SRC:www.antaranews.com
Aktris sekaligus sutradara film Lola Amaria (kiri) bersama Artis sinetron Dinda Kanyadewi (kanan) saat hadir dalam peluncuran film pendek yang bertajuk "Sanubari Jakarta" di Kuningan, Jakarta, Senin (9/4).(ANTARA/Agus Apriyanto)
Film indie yang mengangkat 10 kisah tentang komunitas Lesbian, Gay, Biseksual, Transgender dan Interseks (LGBTI) itu berdurasi cerita masing-masing 10 menit.
Lola Amaria, produser dan sutradara salah satu cerita, mengatakan pemilihan tema tersebut bertujuan memperkenalkan kepada masyarakat bahwa ada komunitas LGBTI di tengah-tengah mereka, bukan untuk menghakimi atau membela komunitas tersebut.
"Karena ini juga edukasi, saya dan teman-teman tidak mau membuat film yang menghakimi, tetapi bercerita. Siapa sih yang mau dilahirkan berbeda, kita tidak mau mereka dibeda-bedain," kata Lola saat jumpa pers di Gedung Pusat Perfilman Haji Usmar Ismail (PPHUI), Jakarta, Senin (9/4).
Menurut Lola, Sanubari merupakan hal yang paling mendasar, yaitu cinta. "Kita tidak mngkin hidup tanpa cinta walaupun cintanya dari sudut pandang berbeda," kata artis yang juga pernah menyutradari "Betina" (2006) dan "Minggu Pagi di Victoria Park" (2010).
Dari kata Sanubari itulah, Lola dan Fira Sofiana yang bertindak sebagai produser mengemas drama cinta dari hal yang selama ini masih dianggap tabu, yakni cinta sesama jenis.
10 kisah
Film "Sanubari Jakarta" menampilkan kumpulan cerita film pendek dari 10 sutradara muda Indonesia.

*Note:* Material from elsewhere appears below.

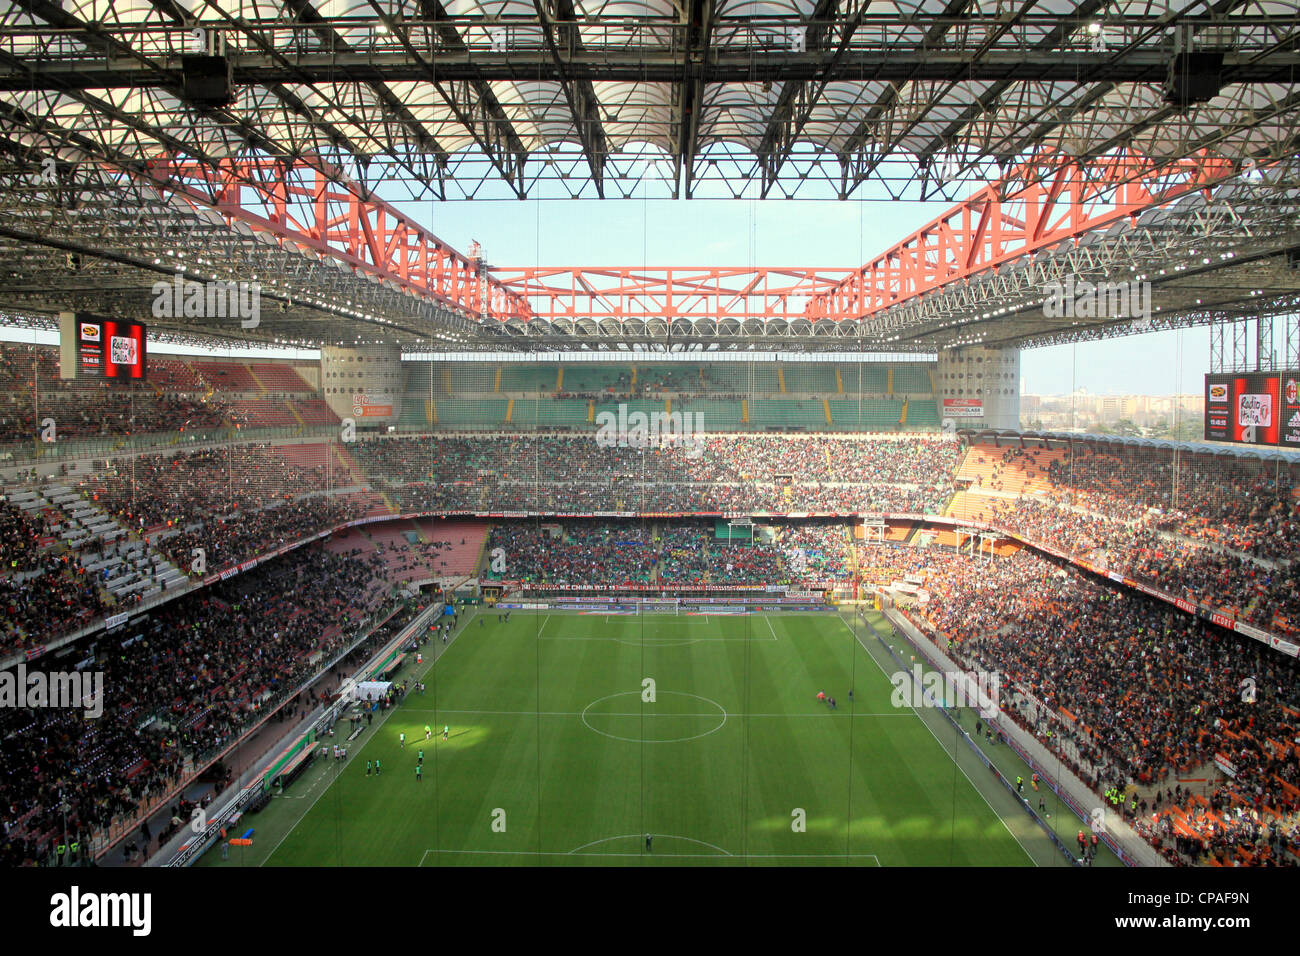 Ac milan stadium hi-res stock photography and images - Alamy

Terdapat beberapa nama yang tidak asing seperti artis Dinda Kanya Dewi, Kirana Larasati, dan tentu saja Lola Amaria.
Mulai dari kisah seorang waria tua dalam cerita yang berjudul "Malam Ini Aku Cantik" karya artis Dinda Kanya Dewi, yang terpaksa menjadi waria demi mencari uang, padahal ia begitu mencintai istri dan anaknya yang tinggal di kampung.
Lalu cerita "Lumba-lumba" karya Lola Amaria yang mengangkat kisah lesbian, biseksual, dan perselingkuhan dalam rumah tangga sekaligus. Berkisah tentang seorang guru TK bernama Adinda (Dinda Kanyadewi) yang selalu mengajarkan anak muridnya tentang lumba-lumba.
Ternyata guru tersebut menjadikan lumba-lumba sebagai simbol untuk menjelaskan apa yang tidak bisa ia jelaskan, yakni menyukai sesama jenis.
Guru tersebut kemudian terlibat cinta dengan salah satu orangtua muridnya, Anggya, yang ternyata memiliki suami yang juga seorang biseksual.
Film ini ditutup oleh kisah yang manis antara Reuben dengan Mia dalam cerita "Kotak Coklat" karya Sim F. Setelah sekian lama mereka menjalin hubungan, Reuben menemukan sebuah kotak coklat yang menguak kenyataan di masa lalu, bahwa Mia adalah teman kecil Reuben yang tadinya seorang pria. Tanpa diduga, Reuben akhirnya menerima Mia yang merupakan seorang transgender.
Hal menarik lainnya dari film ini, selain diisi oleh berbagai drama cinta yang tidak biasa, pemain film "Sanubari Jakarta" juga tidak dibayar atas jasa akting mereka karena dana yang terbatas.
"Saya mau ikut terlibat dalam film ini karena visi dan misinya, juga ingin tahu bagaimana respon masyarakat setelah film ini tayang," kata aktor Reuben Elishama Hadju yang juga merupakan adik dari Shelomita itu.
Omnibus "Sanubari Jakarta" yang diproduksi oleh Yayasan Kresna Duta dan Ardhanary Institute akan tayang di bioskop mulai Kamis (12/4) dan rencananya juga akan dibawa ke Korea, San Fransisco, Belanda dan negara-negara di Asia Tenggara.